«И этот полукруг маленьких горящих лампад, расположенных в их мистических троицах на мраморной балюстраде перед ним; и этот двойной лестничный марш, — продолжал Уинстон, когда они подошли к алтарю и посмотрели через балюстраду, — ведущий вниз к тем медным дверям внизу, перед которыми подвешены другие горящие лампады; и эта мраморная фигура Папы, коленопреклоненного перед ними, молящегося непрестанно за народ — это все совершенно восхитительно!»
«Свет лампад и свечей, — сказала Милдред, — горящих среди бела дня, произвел на меня сначала странное впечатление; они казались такими излишними и неуместными. Но после небольшого размышления или привычки они перестали производить это впечатление. Лампа и свеча здесь не для того, чтобы давать свет, а чтобы быть светом. Свет — это мистическое и блестящее украшение, он здесь ради самого себя, и, конечно, никакие драгоценности и никакое полированное золото не могли бы превзойти его по эффекту. Эти медные лампады вокруг алтаря, каждая с маленьким устойчивым, непоколебимым шариком света, вполне оправданы своей красотой и яркостью. В свете свечи, как и в воде фонтана, обычные цели утилитарности забываются — достаточно того, что это красиво».
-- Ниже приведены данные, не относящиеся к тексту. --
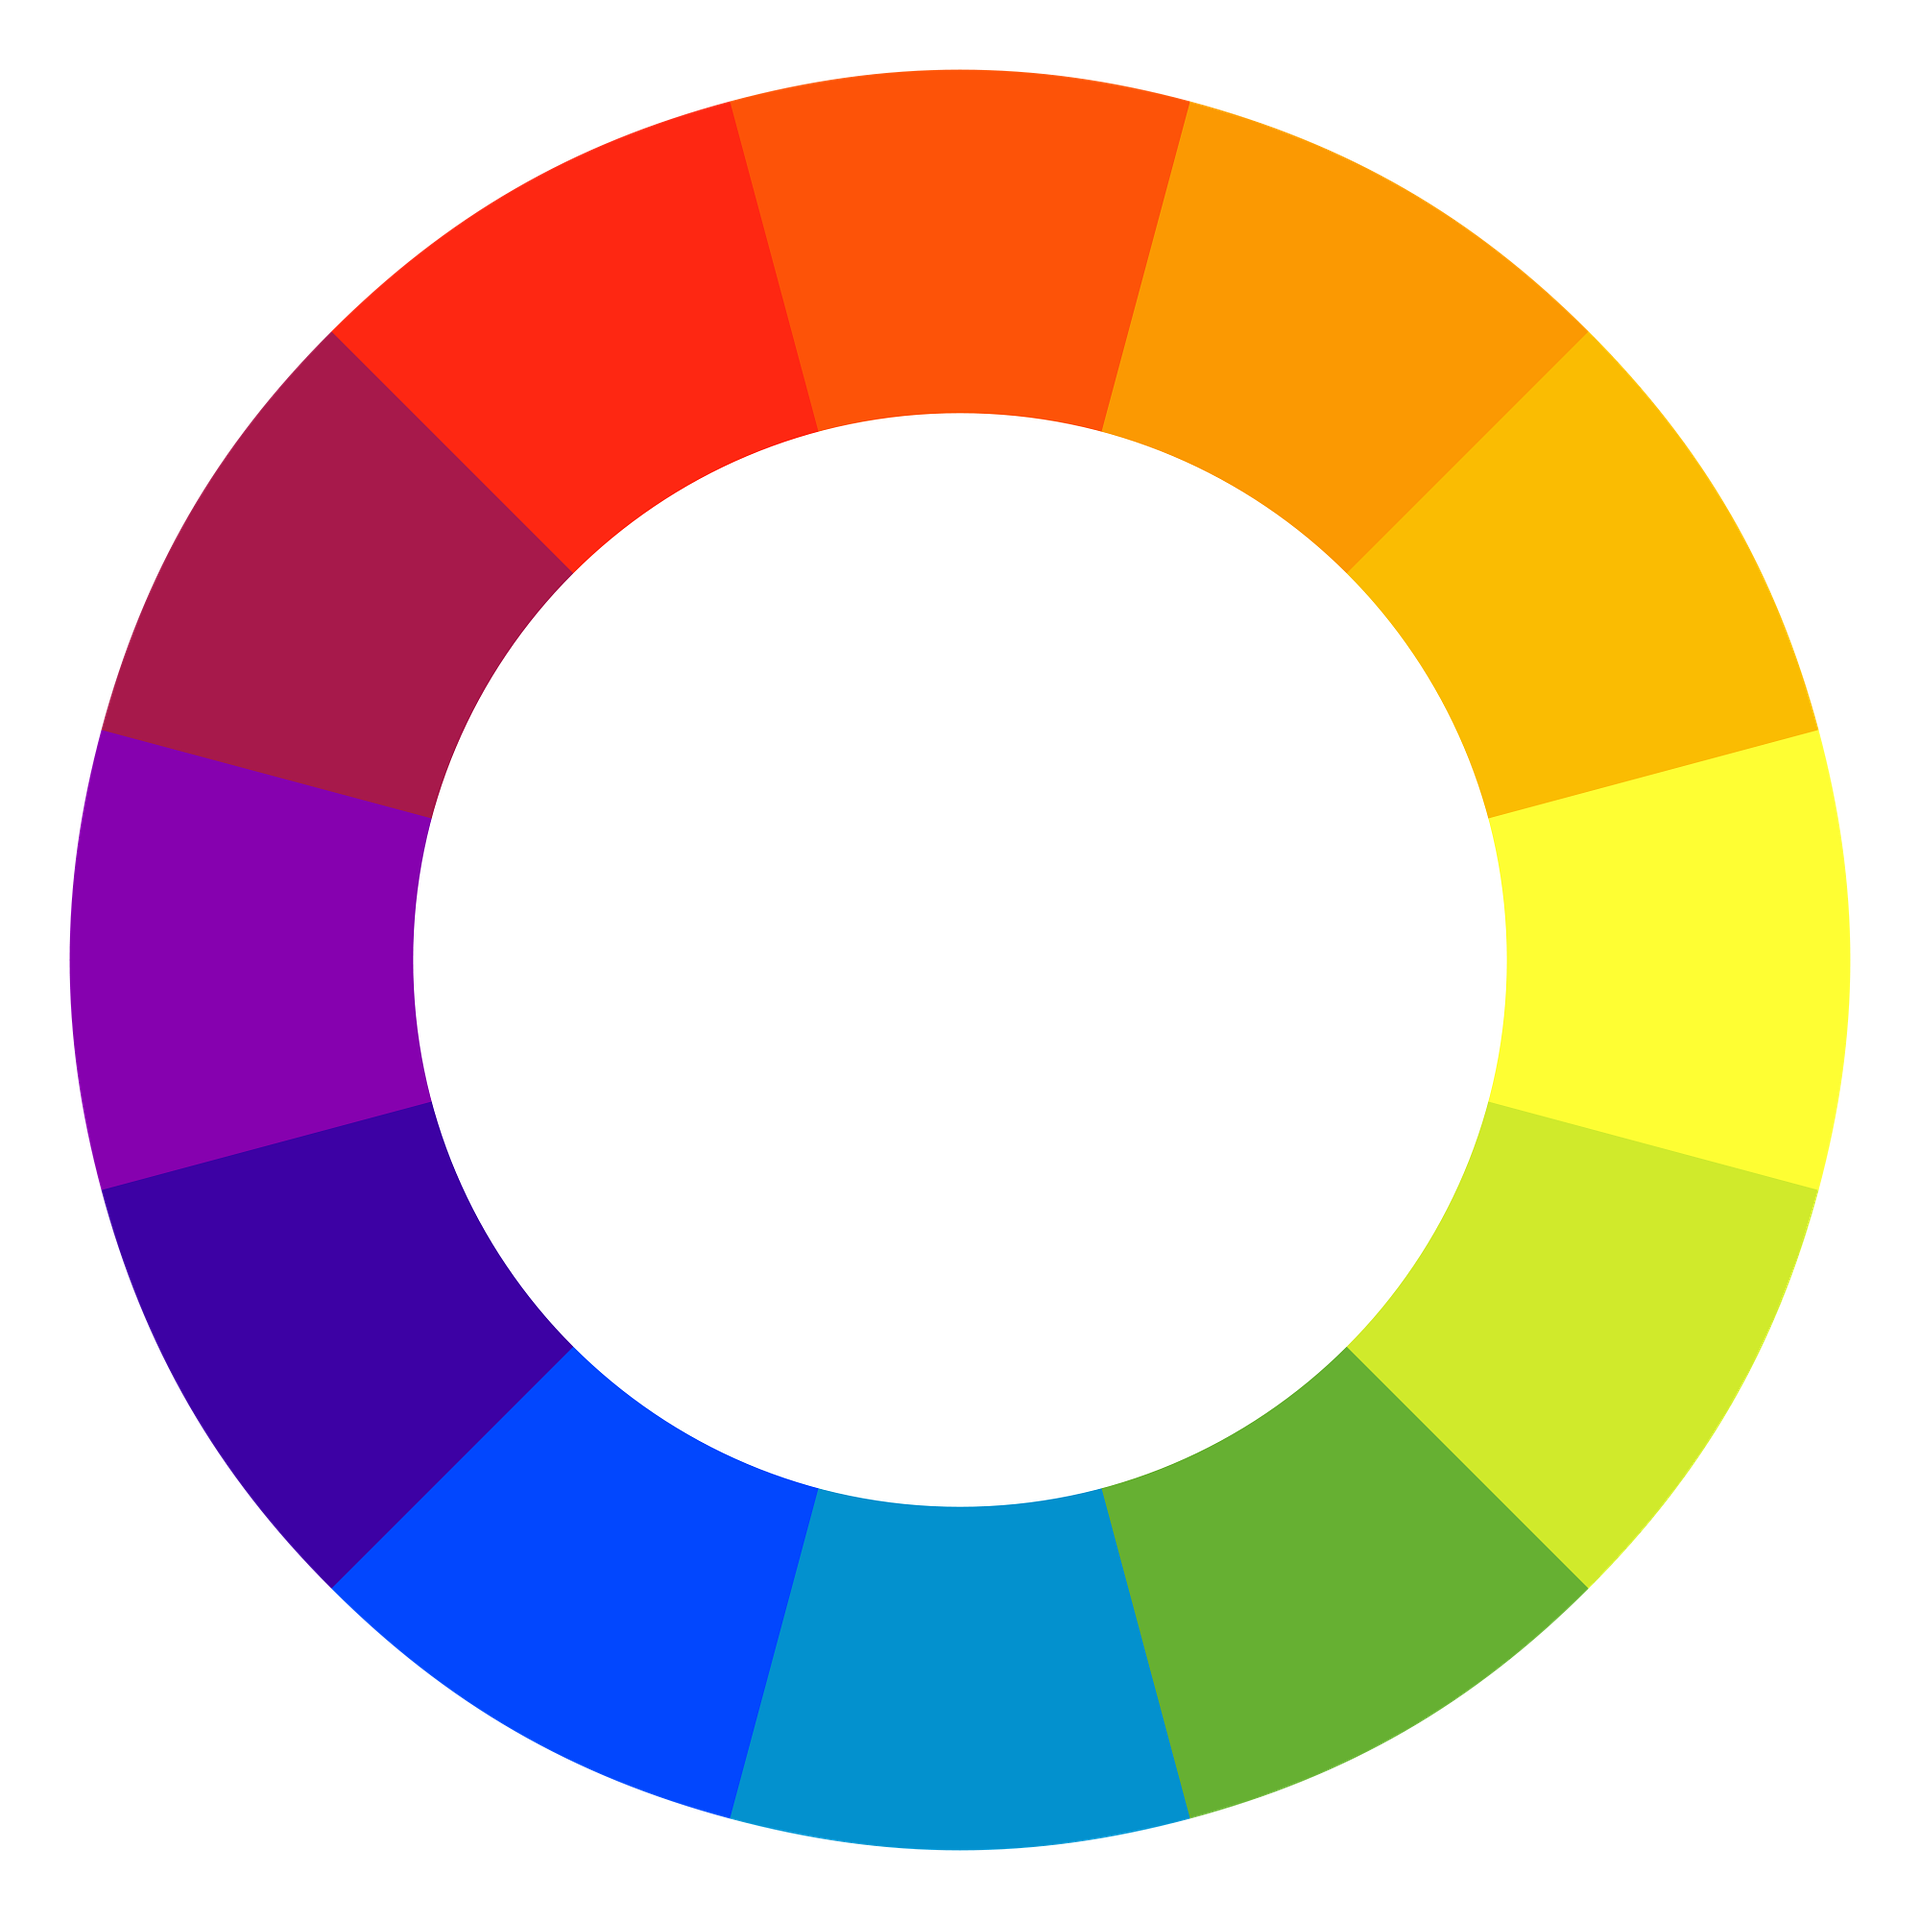 Caractéristiques des couleurs pour les logos
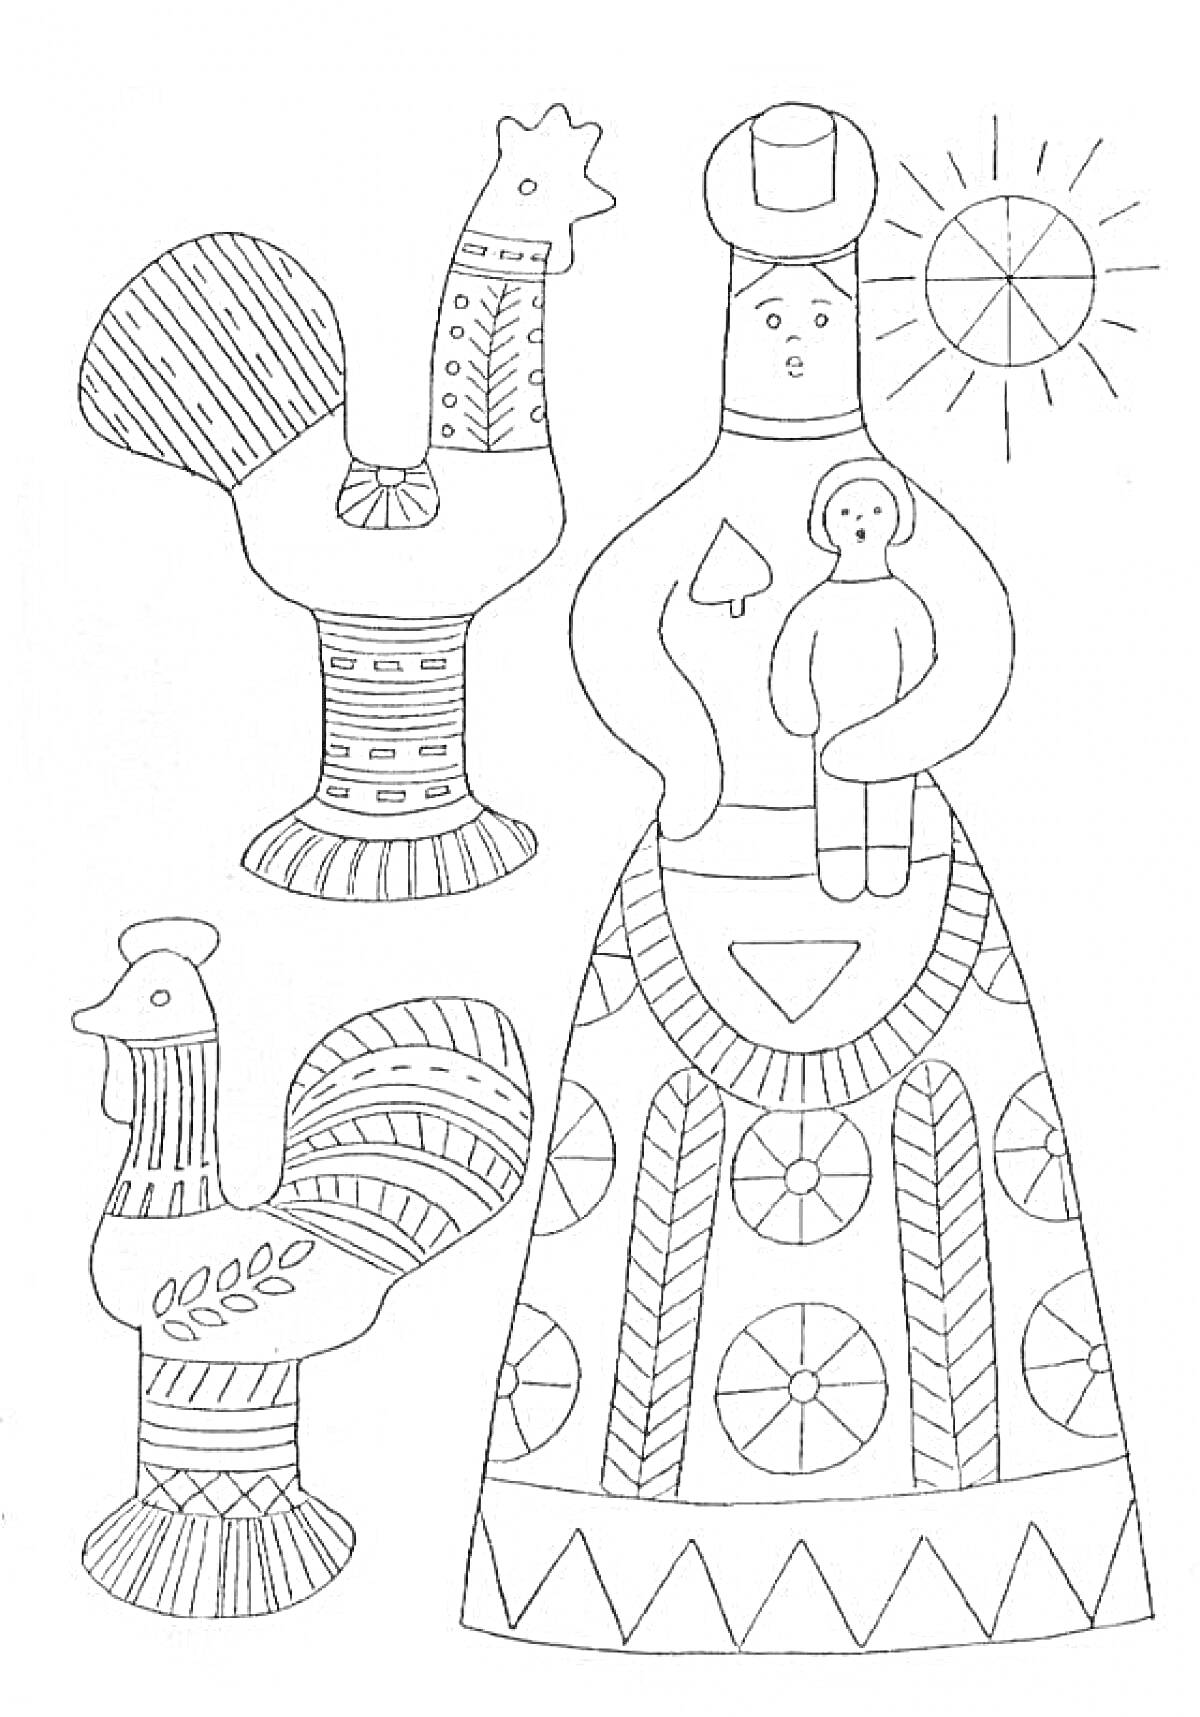 Раскраска Филимоновская игрушка - женщина с ребенком, два петуха, солнце

«Как восхитительно расположение гробниц понтификов! Скульптура на них кажется такой же частью церкви, как и памятника. Эта коленопреклоненная фигура Климента XIII, коленопреклоненная на своей возвышенной гробнице — я буду видеть ее всякий раз, когда буду думать о соборе Святого Петра. Именно здесь, а не в Ватикане, торжествует Канова. Этот гений Смерти, возлежащий под понтификом, с факелом, обращенным вниз — что может быть более выразительным, более нежным, более меланхоличным! И Вера, или Религия, кем бы она ни была, стоящая прямо на противоположной стороне и опирающаяся своей вытянутой рукой с силой на мрамор — тоже благородная фигура. Но я охотно обошелся бы без тех шипов вокруг ее головы, означающих лучи света».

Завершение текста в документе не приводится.